Is MarkLogic really a search engine?
Since MarkLogic architect and company founder Christopher Lindblad PhD is a search guy, there is most certainly a lot of search engine technology in MarkLogic. Specifically, the product uses search-engine-style indexing (but does so at a sub-document level) and search-engine-style clustering for scaleability.

So while I would not say that MarkLogic is really a search engine, I would say that it uses a lot of search-engine technology — which is one of the things that makes MarkLogic unique.

What’s the best metaphor for MarkLogic?
I think of MarkLogic as a car that looks like a DBMS on the outside, but when you open up the hood, you find a motor that looks more like a search engine than a traditional DBMS.

If MarkLogic is really a DBMS, then why you drone on about search?
Simply because MarkLogic competes with search engines today.

Most customers know that RDBMSs do not handle content well. Sometimes we find customers who have been struggling for 18 months trying to build content applications on Oracle. But usually we find people who don’t bother to try using an RDBMS (and just leave content on the file system) or who do the the spiritual DBMS equivalent of not trying and simply stuff the content into BLOBs and then use a search engine to index it.
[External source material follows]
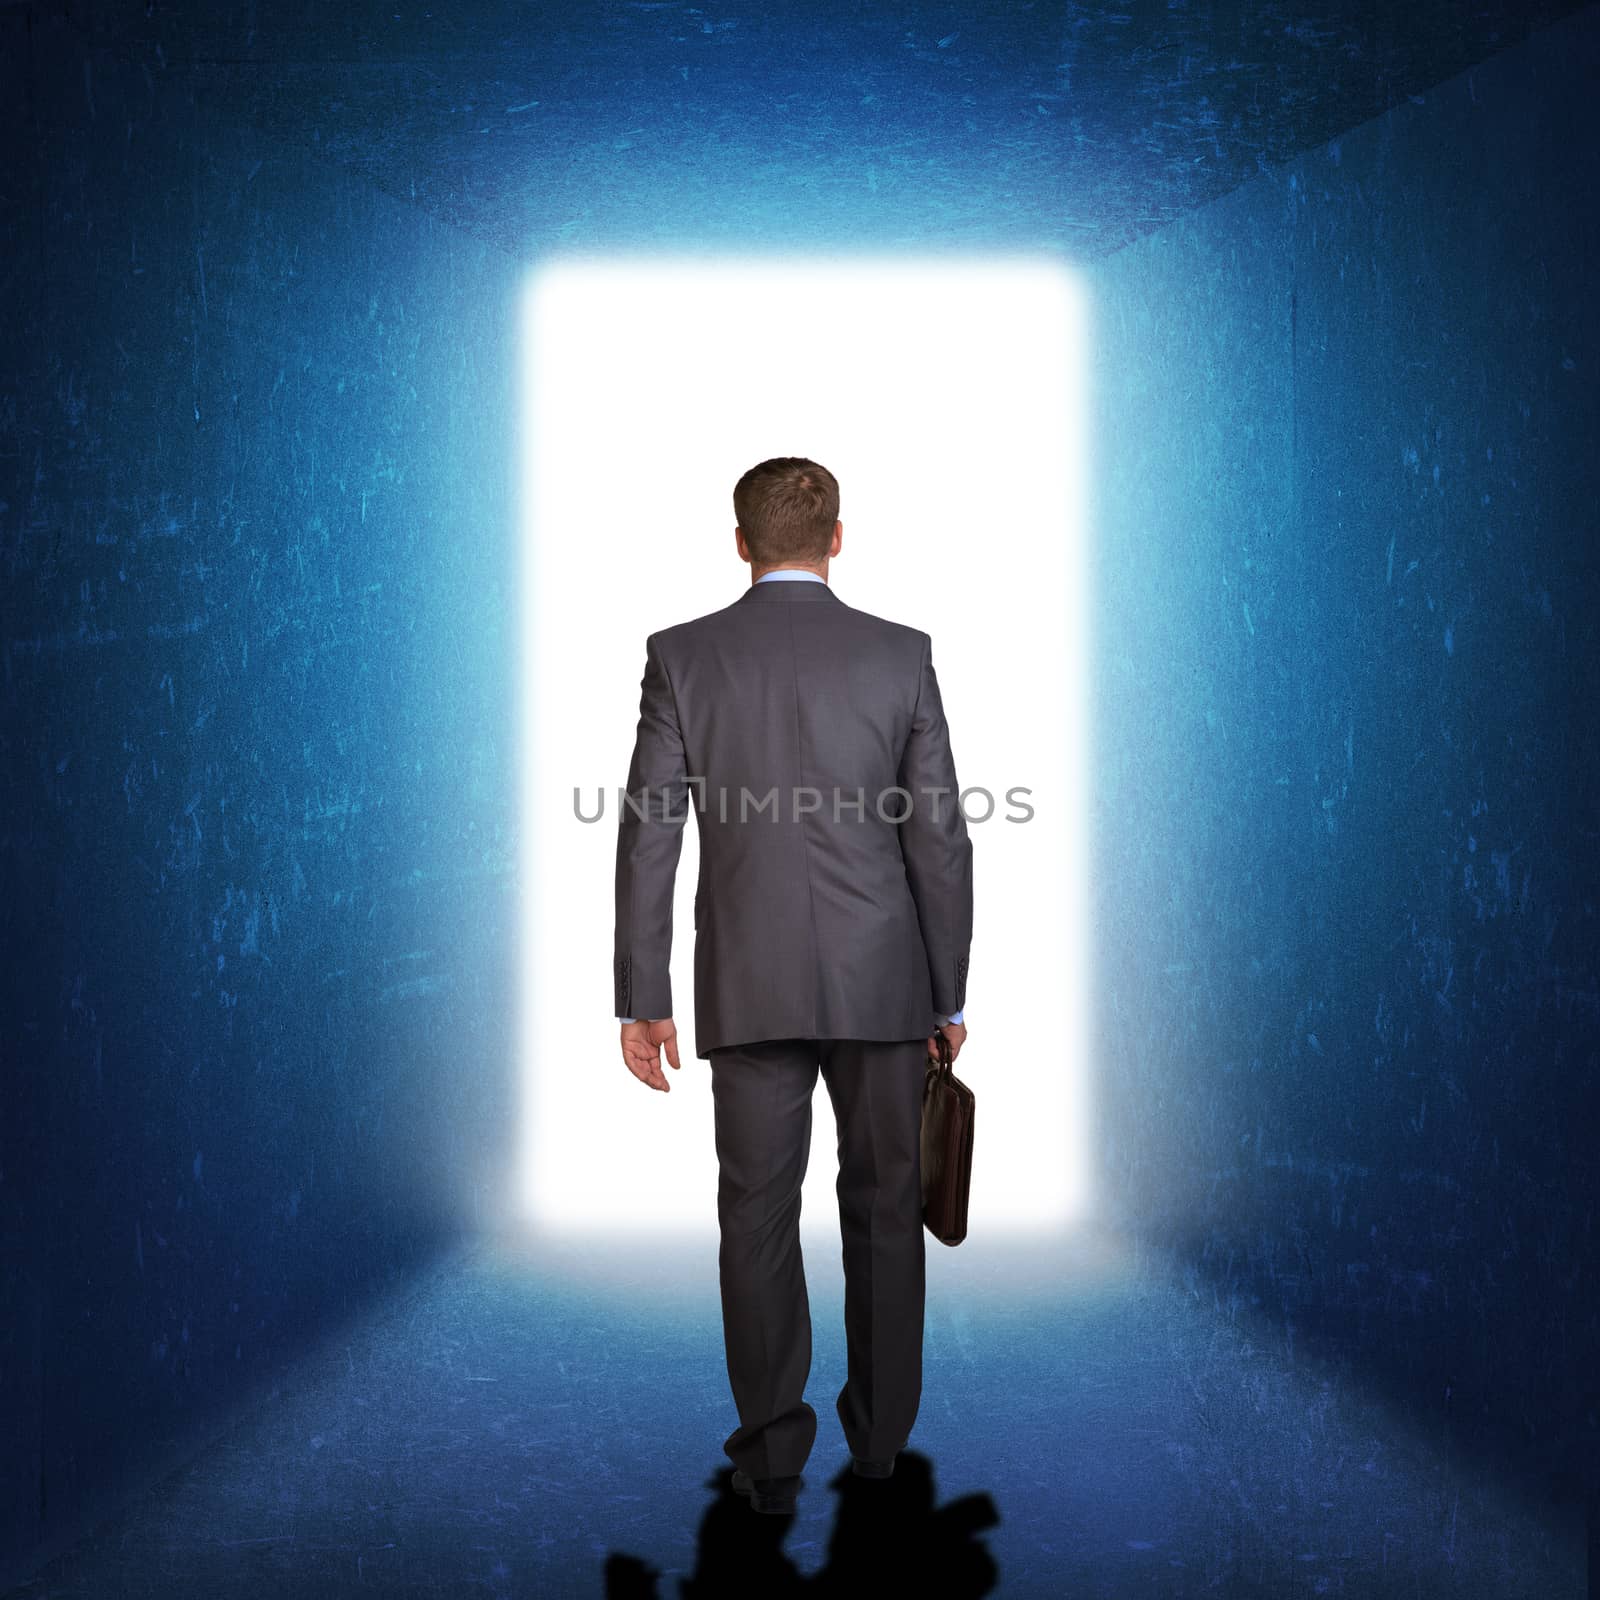 Businessman in suit with briefcase stepping through door. Business concept

But either way, they hope to get query functionality from a search engine, which:

  • Almost certainly was never designed to handle XML. (I’ll do an upcoming post on how search engines view XML as “that stuff that gets in the way of the text”.)
  • From a DBMS viewpoint is a one-trick pony (i.e., the one query the search engine runs is: return a list of links to documents containing word or phrase)
  • Requires you to do a lot of content processing that should have been done in XQuery and processed by the server instead in Java/DOM on a middle tier

We show these people a better way to build content applications.

So the net answer to this question is that since no traditional DBMS is up for the job, most customers turn to search engines to try and solve a DBMS problem. Until they find us, that is.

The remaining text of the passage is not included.